* **Task details**:
The listing below holds a line with "Bob the builder - 90s Cartoons" and a line with "スラックダーツマーベルチャンプニーズの夏の夢やりがいの塩スクラブ300ミリリットル (Champneys) (x2)". Reproduce those two lines exactly, plus everything between them.

- - -

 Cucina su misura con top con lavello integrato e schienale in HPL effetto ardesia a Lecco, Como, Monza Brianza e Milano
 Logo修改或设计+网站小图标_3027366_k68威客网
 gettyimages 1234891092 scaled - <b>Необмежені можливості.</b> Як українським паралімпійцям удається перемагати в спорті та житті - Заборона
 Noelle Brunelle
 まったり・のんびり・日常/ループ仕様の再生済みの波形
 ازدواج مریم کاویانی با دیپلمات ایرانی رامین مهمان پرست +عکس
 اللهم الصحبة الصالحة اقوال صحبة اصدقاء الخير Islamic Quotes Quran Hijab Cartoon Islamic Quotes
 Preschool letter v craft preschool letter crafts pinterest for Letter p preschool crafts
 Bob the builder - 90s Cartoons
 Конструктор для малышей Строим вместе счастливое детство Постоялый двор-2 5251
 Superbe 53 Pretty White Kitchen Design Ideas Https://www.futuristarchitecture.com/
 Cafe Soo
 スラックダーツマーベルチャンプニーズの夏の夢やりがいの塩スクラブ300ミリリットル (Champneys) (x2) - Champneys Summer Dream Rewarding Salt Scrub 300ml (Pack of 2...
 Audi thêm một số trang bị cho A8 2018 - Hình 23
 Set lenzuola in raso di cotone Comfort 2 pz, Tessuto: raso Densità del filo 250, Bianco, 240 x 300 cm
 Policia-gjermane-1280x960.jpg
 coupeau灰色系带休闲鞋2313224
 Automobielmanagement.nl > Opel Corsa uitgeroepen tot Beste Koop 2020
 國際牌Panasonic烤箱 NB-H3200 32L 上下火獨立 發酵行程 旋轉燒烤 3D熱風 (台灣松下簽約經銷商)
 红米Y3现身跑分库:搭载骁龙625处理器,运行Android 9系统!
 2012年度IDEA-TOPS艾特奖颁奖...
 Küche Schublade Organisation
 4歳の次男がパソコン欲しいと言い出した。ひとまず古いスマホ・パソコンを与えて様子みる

- - -

* **Reply to the exercise**:
 Bob the builder - 90s Cartoons
 Конструктор для малышей Строим вместе счастливое детство Постоялый двор-2 5251
 Superbe 53 Pretty White Kitchen Design Ideas Https://www.futuristarchitecture.com/
 Cafe Soo
 スラックダーツマーベルチャンプニーズの夏の夢やりがいの塩スクラブ300ミリリットル (Champneys) (x2) - Champneys Summer Dream Rewarding Salt Scrub 300ml (Pack of 2...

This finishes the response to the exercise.